Other recent studies on BoNTA show that in addition to its effects on the neuromuscular junction, BoNTA also reduces the secretion of norepinephrine and thereby improves vasoconstriction. However, due to a lack of effects on the secretion of nitric oxide involved in vasodilation, BoNTA is effective in promoting vasodilation. Furthermore, experimental studies also have shown that a local use of BoNTA for the elevated flap raised the survival of a flap through the peripheral vasodilation based on the inhibition of the autonomic nervous system [1820].
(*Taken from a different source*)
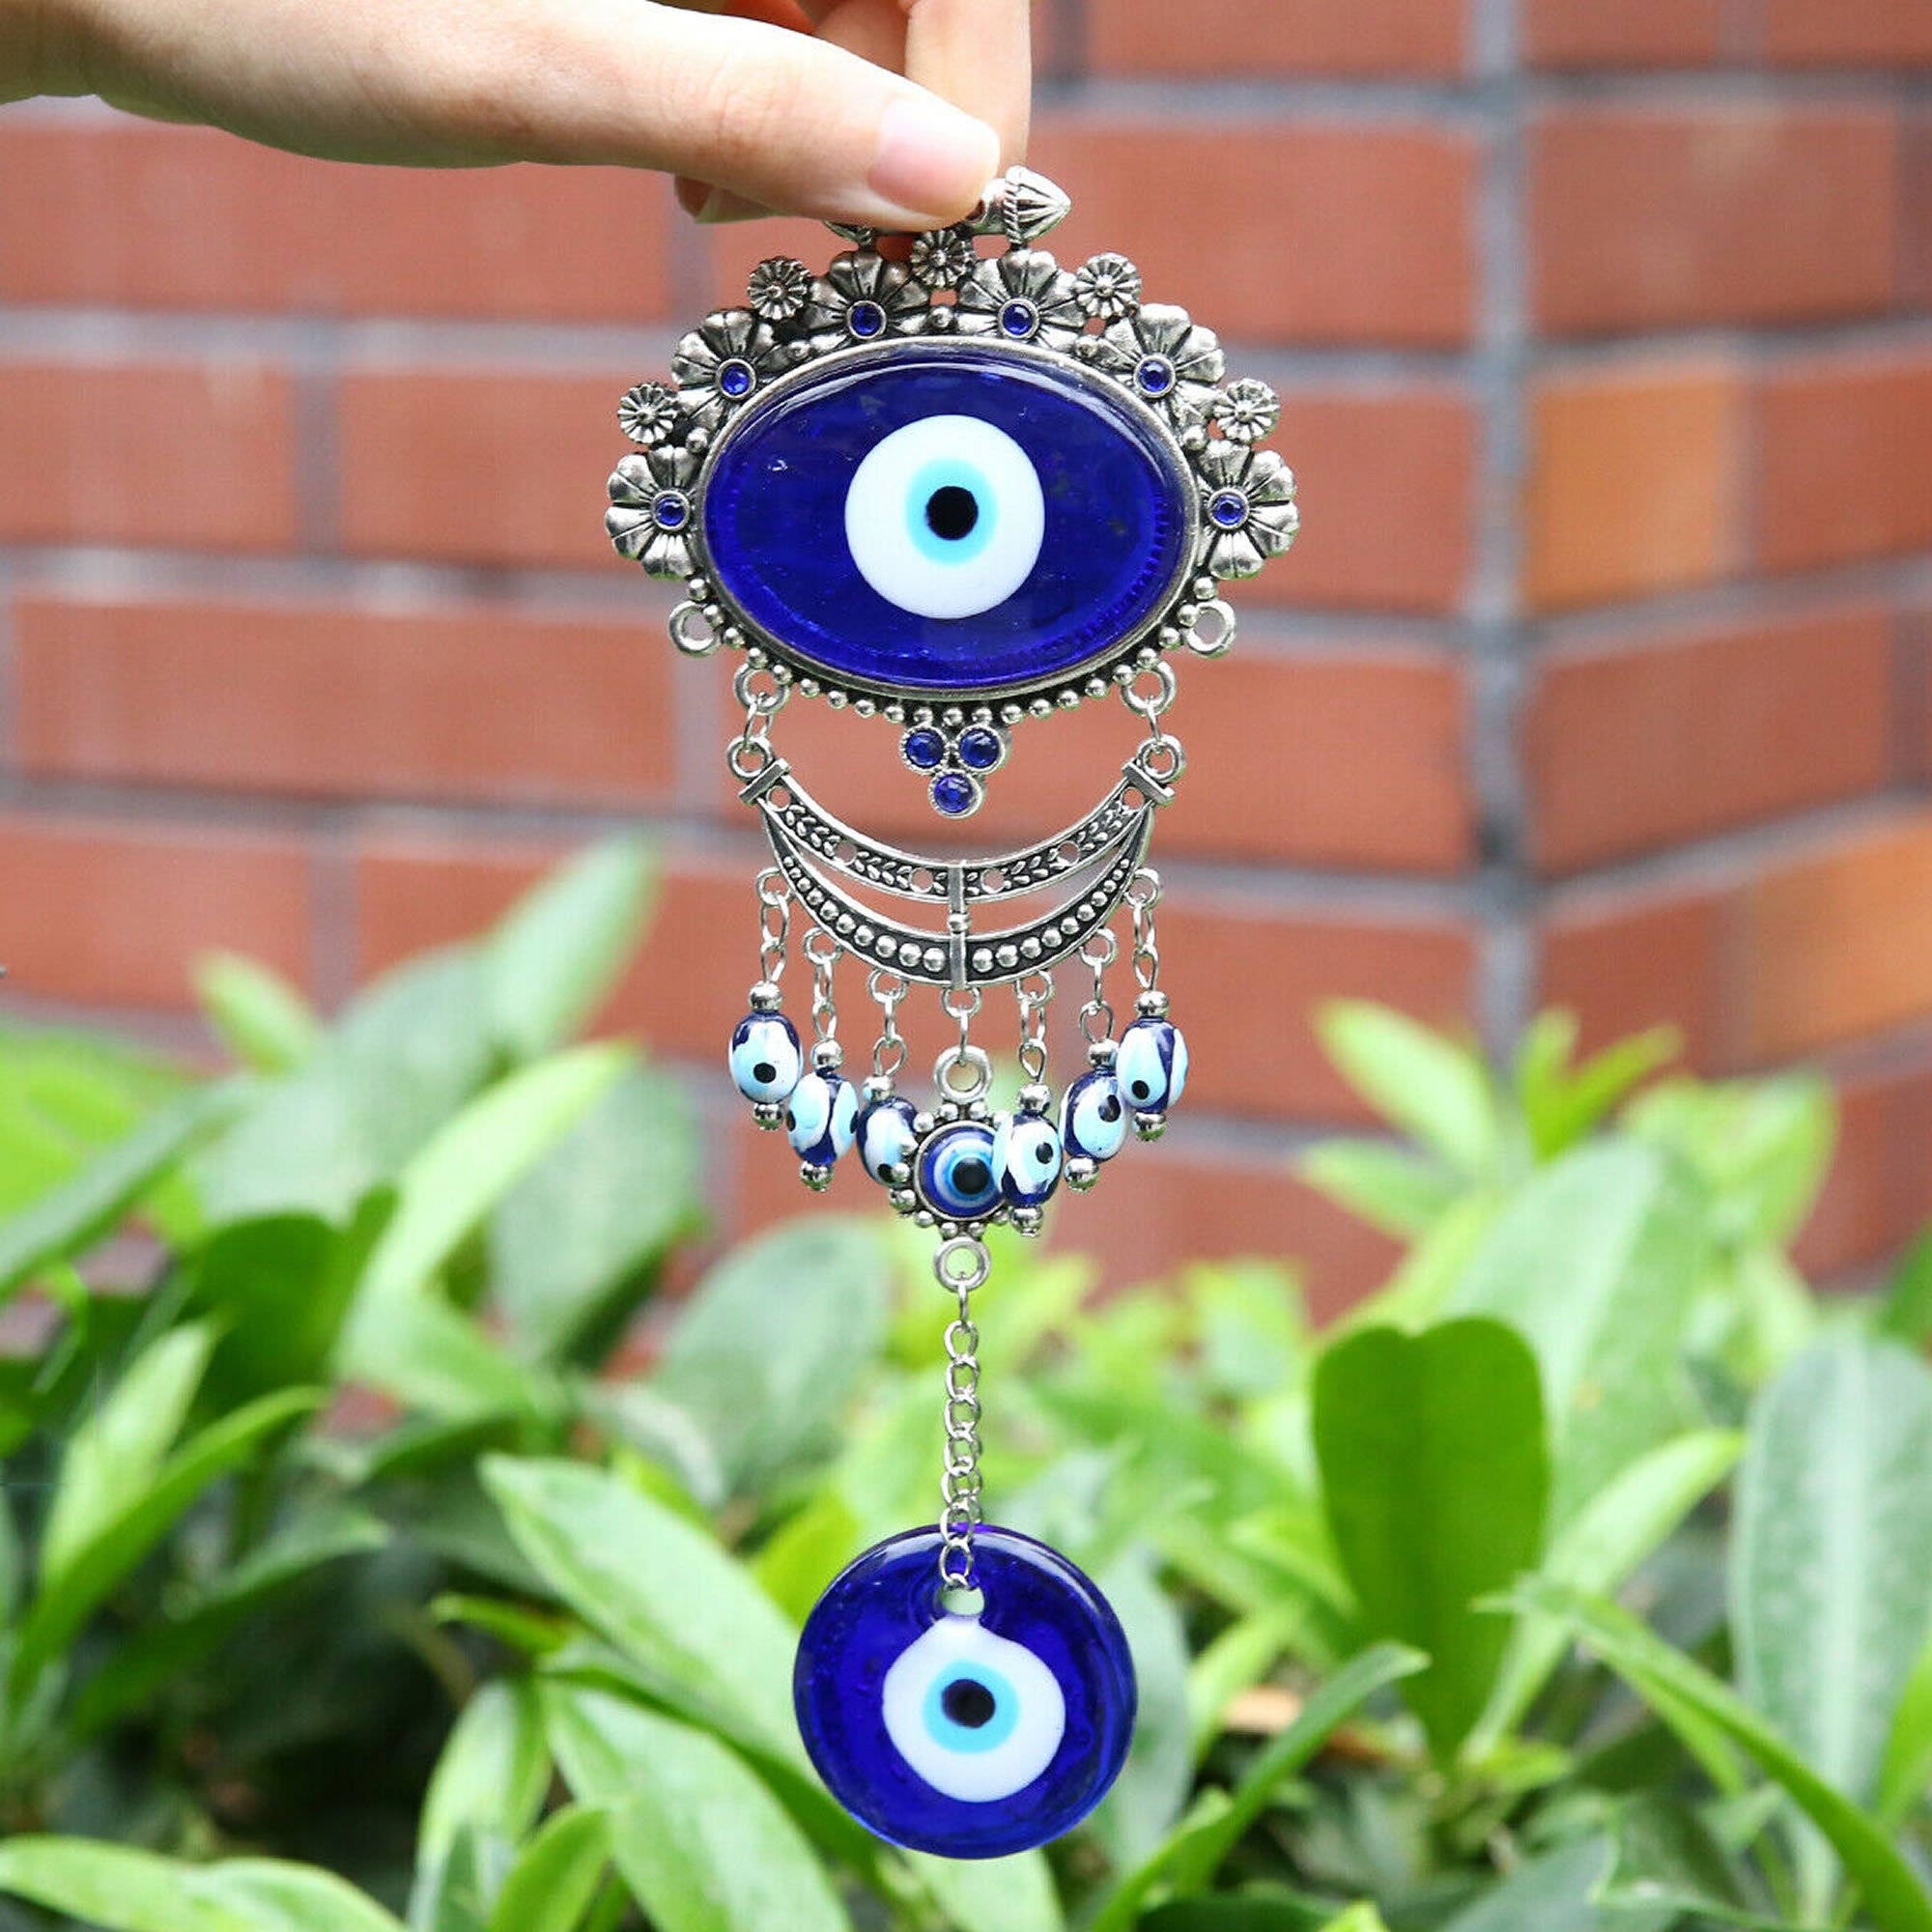 Türkisch Blau Evil Eye Schlüsselanhänger Auto Schlüsselanhänger Amulett  Glücksbringer Hängender Anhänger

Kim et al. [21] found an abundance of markers associated with vasodilation and proliferation of vascular endothelial cells in a qualitative analysis using the polymerase chain reaction (PCR) in the flaps treated with BoNTA. They observed improvement in the hemodynamic status through the angiogenesis as well as the induction of vasodilation. These authors also speculated that the effects of BoNTA in improving the hemodynamic status might also contribute to the revascularization of fat grafts. However, no accurate mechanisms can be further discussed in the current status for two reasons. First, further studies are needed to examine the process of fat graft survival on a cellular level. Second, our results were obtained from the skin of mice whose structure is quite different from that of human skin. A simple comparison cannot explain all the findings. Further double-blind clinical studies are needed for the accurate assessment.

Summary

In an attempt to assess the effects of BoNTA injection used concomitantly with fat grafting via a fat injection, the current study compared the survival of fat grafts between a group for which a fat injection alone was performed and a group for which the fat injection was performed concomitantly with BoNTA injections. After a concomitant use of fat grafting with BoNTA injections, the gross weight and volume of the fat grafts and the histologic degree of cellular integrity were significantly higher than those of control subjects (P < 0.05). This provides the experimental basis for concluding that a concomitant use of fat grafting with BoNTA injections produces more effective treatment outcomes for the correction of facial deformities.